On 1 June 2025, AWS introduced significant price reductions: 45% off P5 (H100), 26% off P5en (H200), and 33% off P4d/P4de (A100) on-demand pricing [7]. After these cuts, the P5 instance (8× NVIDIA H100) is now priced at £31.46 per hour (around £3.93 per GPU-hour), down from £55.04 [1][4]. The newer P5en instance (8× NVIDIA H200) costs £74.69 per hour, while the recently launched P6-B200 (8× NVIDIA B200) is priced at £113.93 per hour [2][6]. For older models, the P4d instance (8× NVIDIA A100) is available at £21.95 per hour, equating to about £2.74 per GPU-hour. For inference tasks, the G5.xlarge (single NVIDIA A10G) costs £1.24 per hour, and the G6.xlarge (single NVIDIA L4) comes in at £0.98 per hour [2][6]. These adjustments highlight AWS's competitive positioning and underline regional pricing variations.

Regional Price Variations

AWS pricing varies by region, with US East (N. Virginia) serving as the baseline.
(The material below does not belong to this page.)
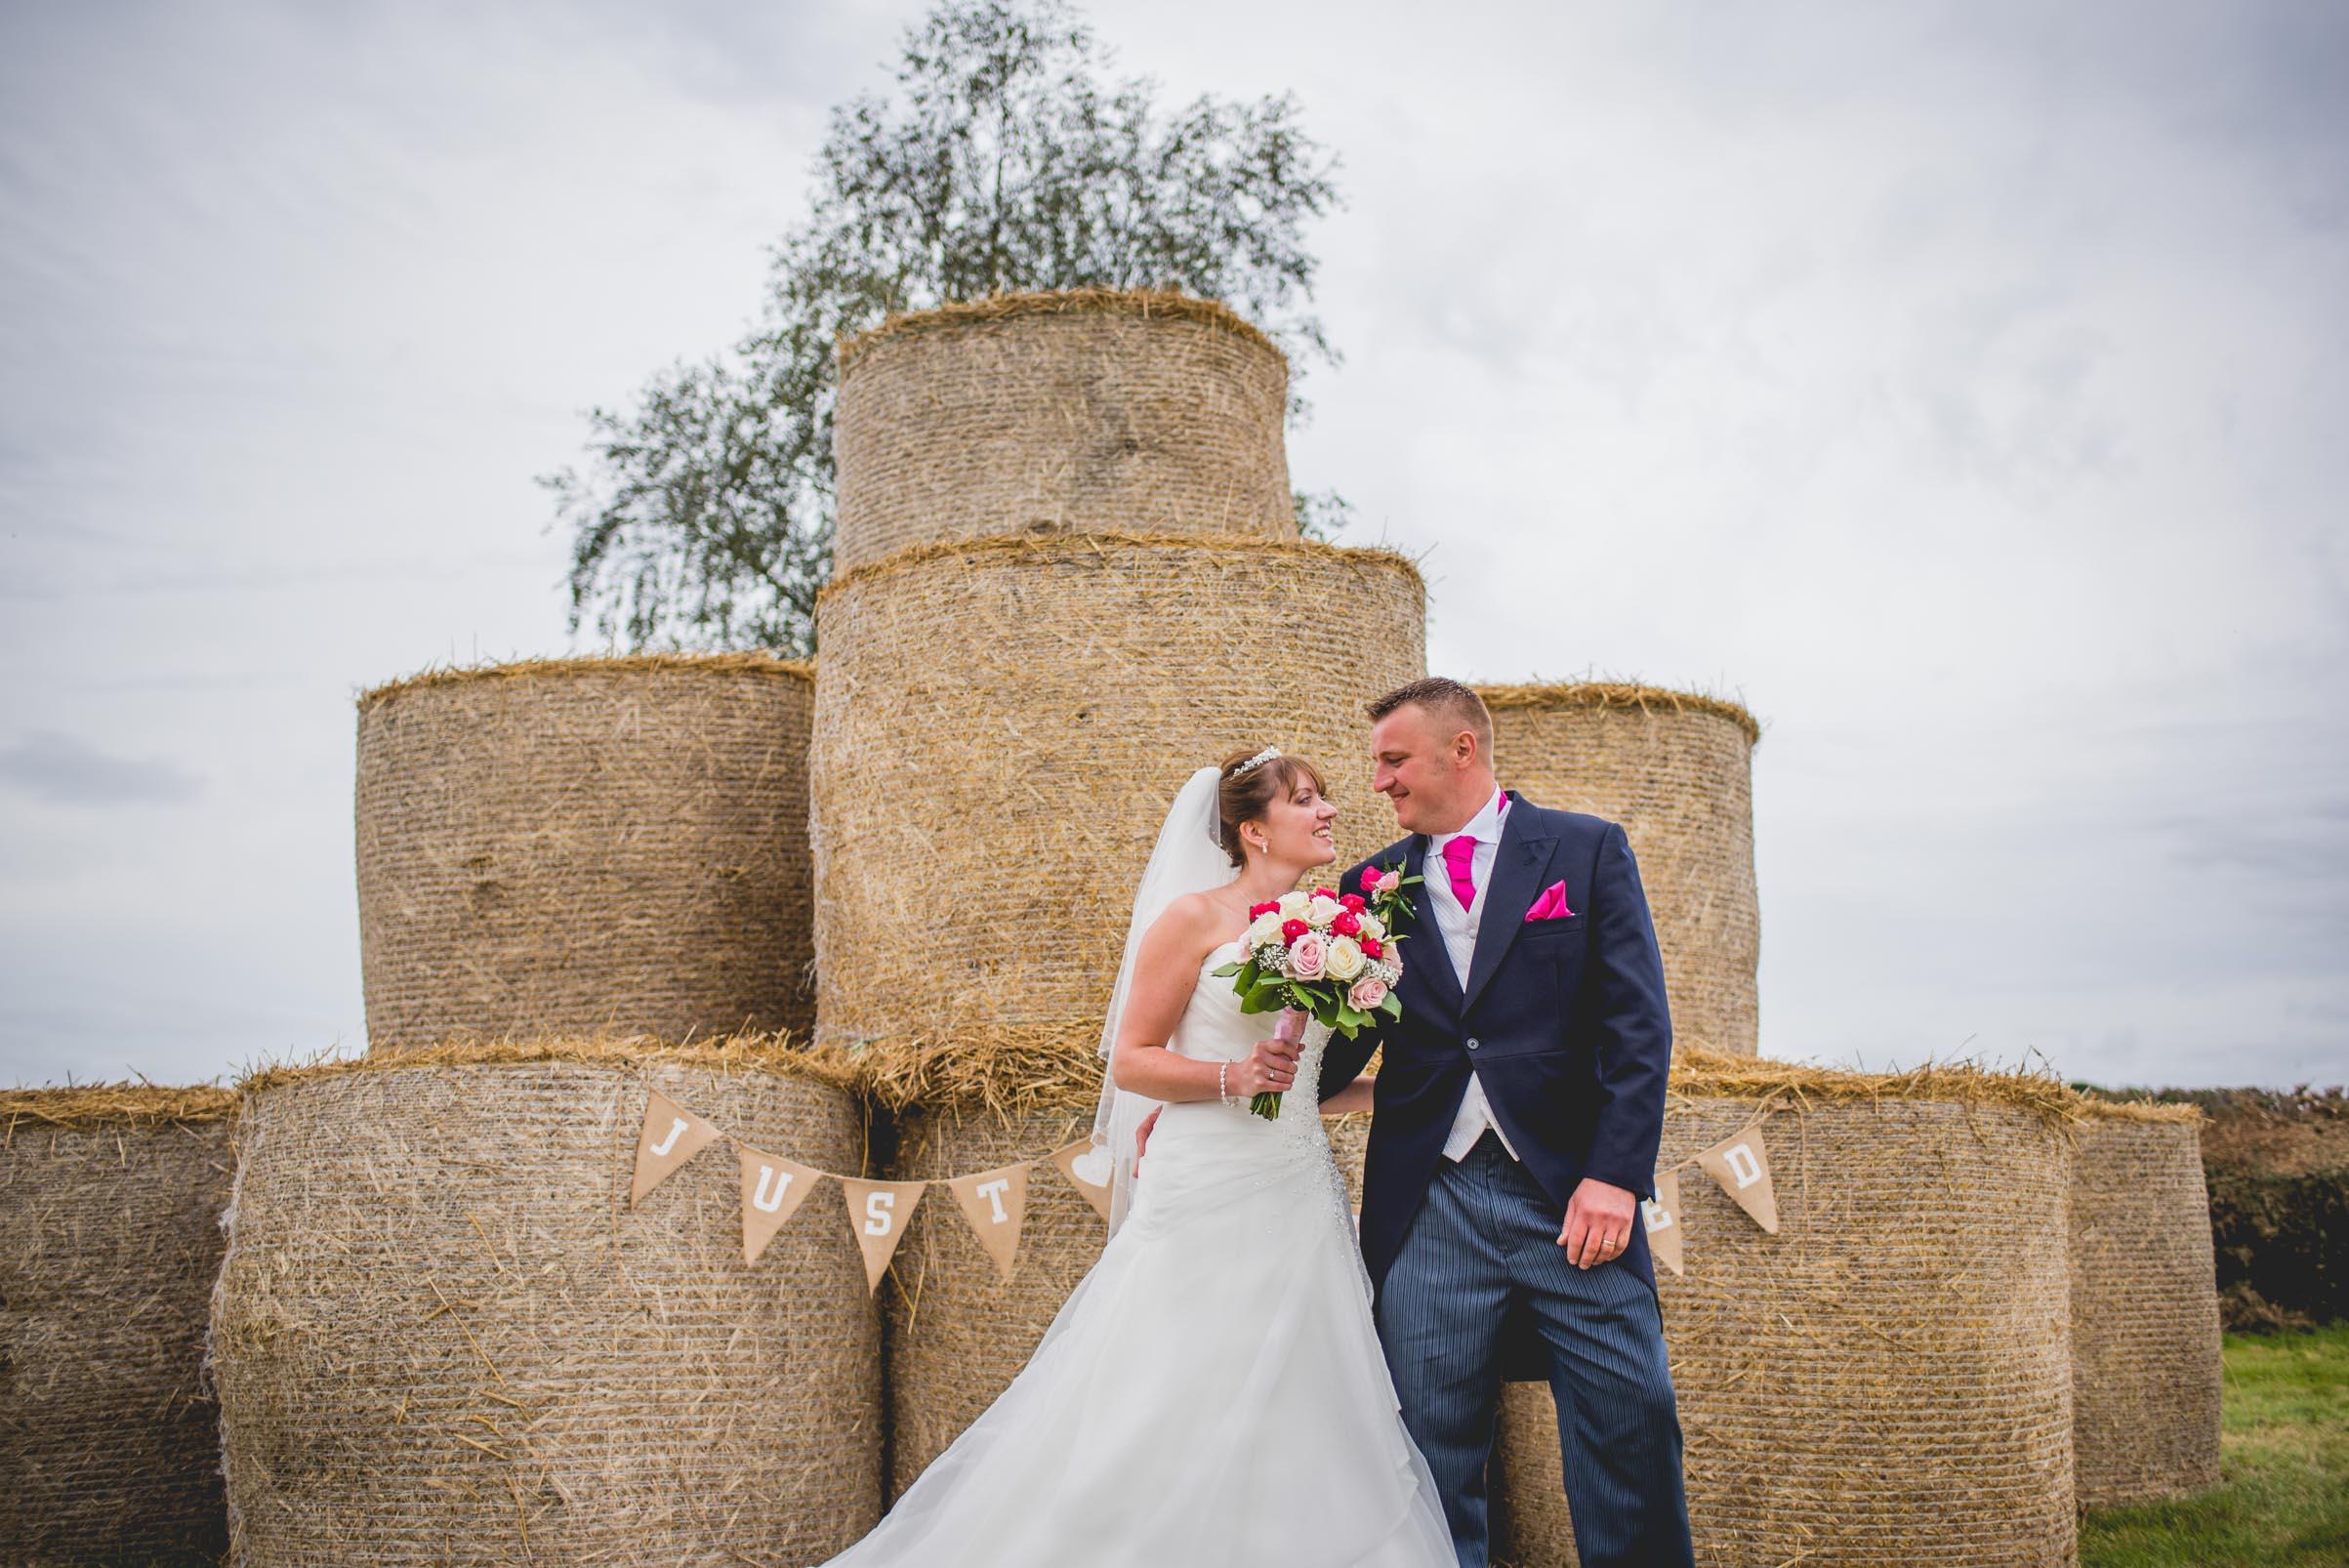 Farm-wedding-staffordshire-st-marys-catholic-church-uttoxter-62.jpg

Other regions incur additional costs due to infrastructure expenses and demand [5]. For instance:

US West (Oregon): Typically 5–10% higher.
Europe (Ireland): Adds 15–20%.
Asia Pacific regions: Can be 20–40% more expensive than US East.
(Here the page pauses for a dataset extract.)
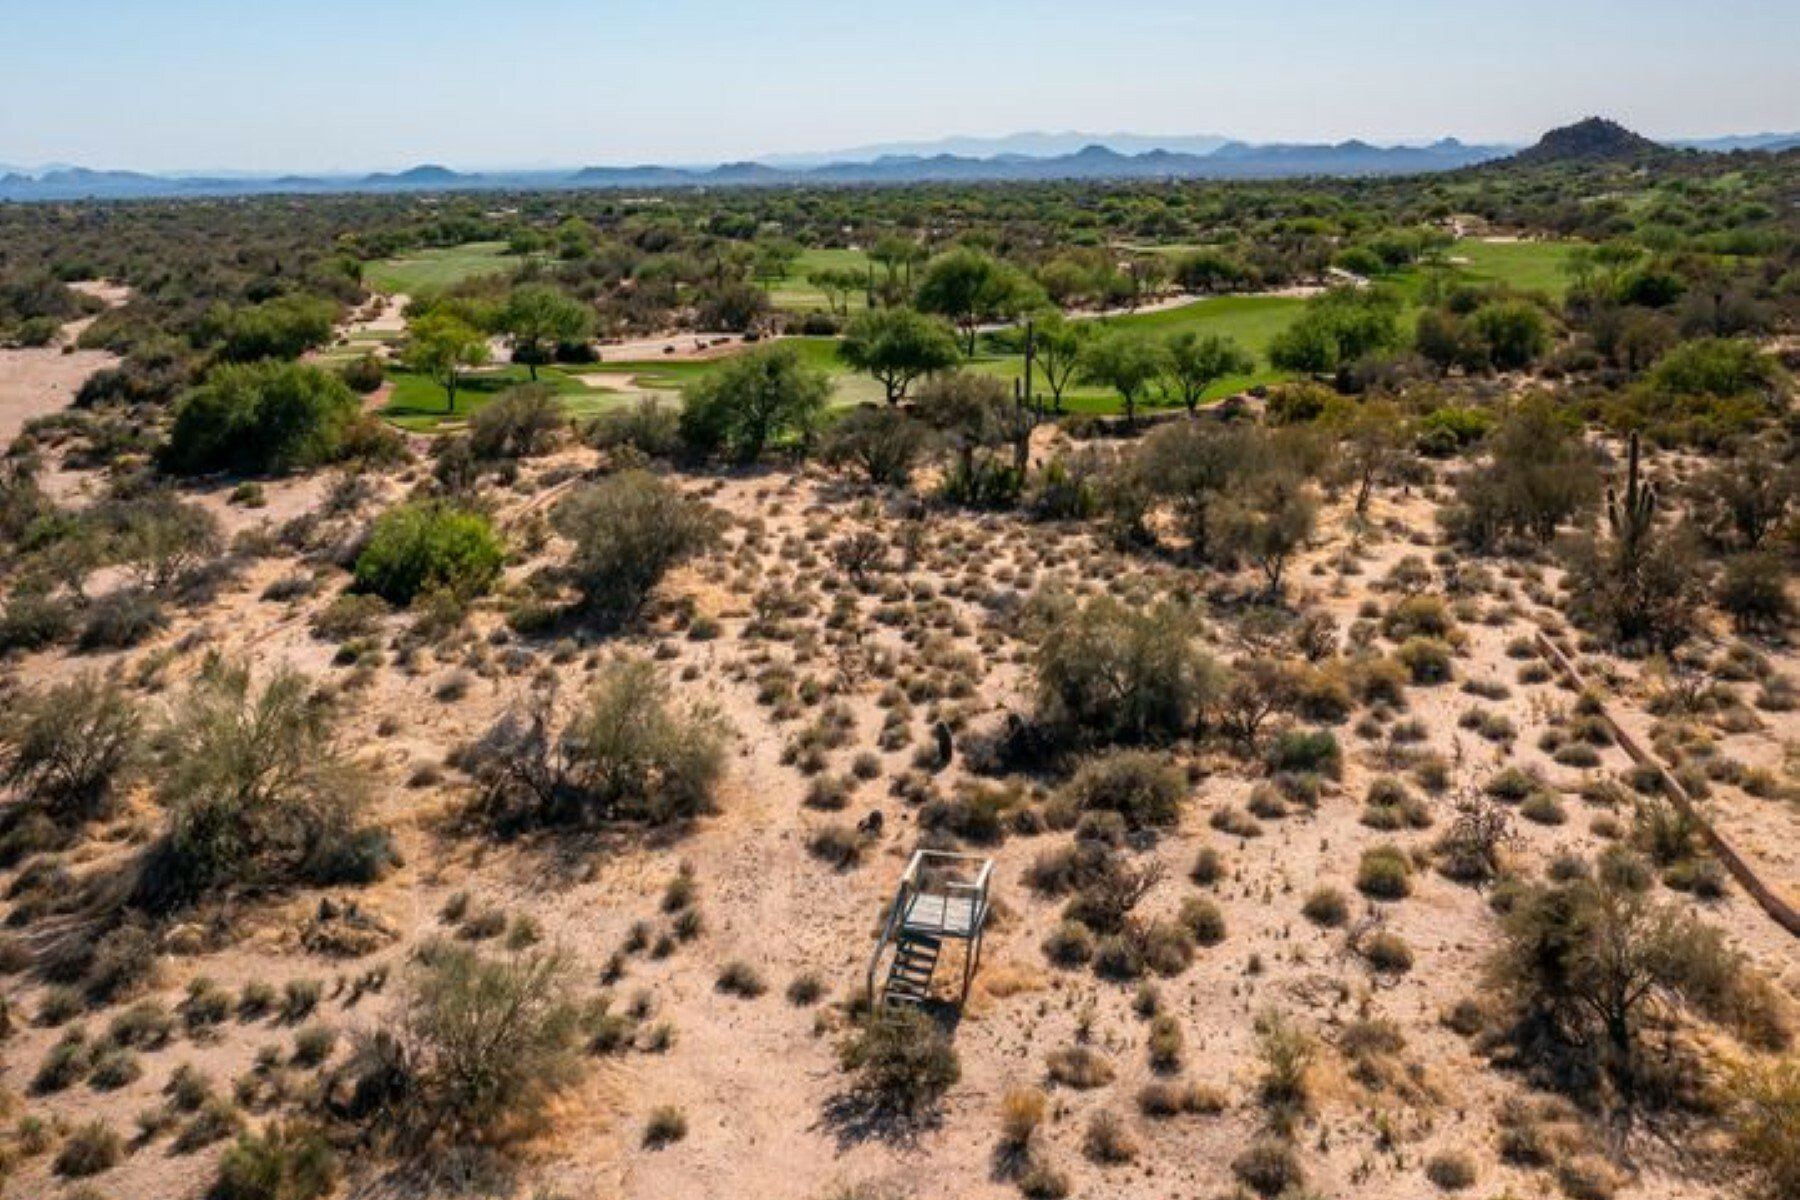 Terreno a Scottsdale, Arizona, Stati Uniti 1 - 11418024

For workloads where latency isn't a concern, such as batch training, choosing US East can lead to savings of 10–40% compared to European or Asian regions [5][4].

Cost-Per-Performance

While hourly pricing and regional differences are important, performance also plays a major role in cost efficiency. H100 instances deliver three times the training throughput of A100s for most transformer workloads, levelling out costs per token trained [10]. The H100's standout feature is its speed: training runs that would take 72 hours on an A100 can be completed in just 24 hours [10]. Additionally, spot instances offer steep discounts - up to 70–90% off on-demand rates. For teams with robust checkpointing strategies, this can bring H100 costs down to as low as £2.50 per GPU-hour [4][5].

Need help optimizing your cloud costs?

Get expert advice on how to reduce your cloud expenses without sacrificing performance.
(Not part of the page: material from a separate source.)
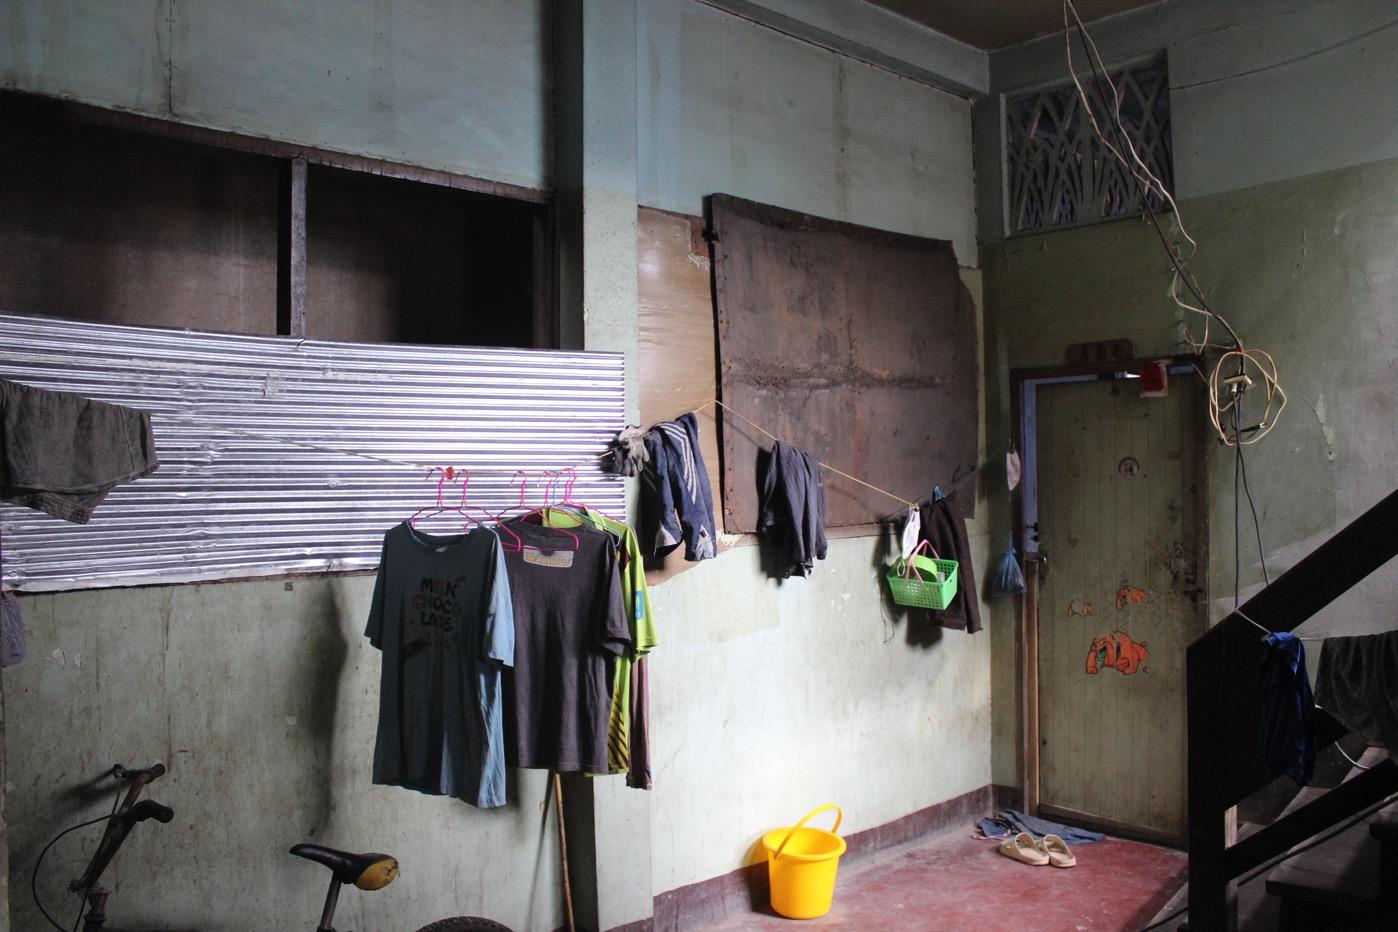 楽宮大旅社。中に入ると工事をしていた。労働者のアパートに改装しているらしい

Schedule a 30 minutes, no-obligation call

2. Azure GPU Pricing

Azure

Let’s dive into Azure's GPU pricing to understand its costs, regional differences, and performance. Azure's rates are comparable to AWS, though they tend to be slightly higher than other providers [11]. Here’s a closer look at the hourly rates, regional pricing adjustments, and how performance ties into the overall cost.

Hourly Rates

Azure provides a variety of GPU instance families tailored to different workloads. Here’s a breakdown of the hourly costs:

H100 Instances: The Standard_ND96isr_H100_v5 (H100 SXM) is priced at £9.65 per GPU-hour, while the NC40ads H100 v5 costs £5.48 per GPU-hour [11].
A100 Instances: The Standard_NC24ads_A100_v4 (80GB) is £2.88 per GPU-hour, with the 40GB version slightly lower at £2.67 [11].
Older Models: The V100 comes in at £2.40 per GPU-hour, the T4 at £0.41, and the A10 at just £0.36 per GPU-hour [11].

However, if you're using Azure Machine Learning, expect a 25% surcharge on top of the raw VM rates. For instance, an 8× A100 cluster rises from £25.07 to £31.34 per hour due to this additional cost [10].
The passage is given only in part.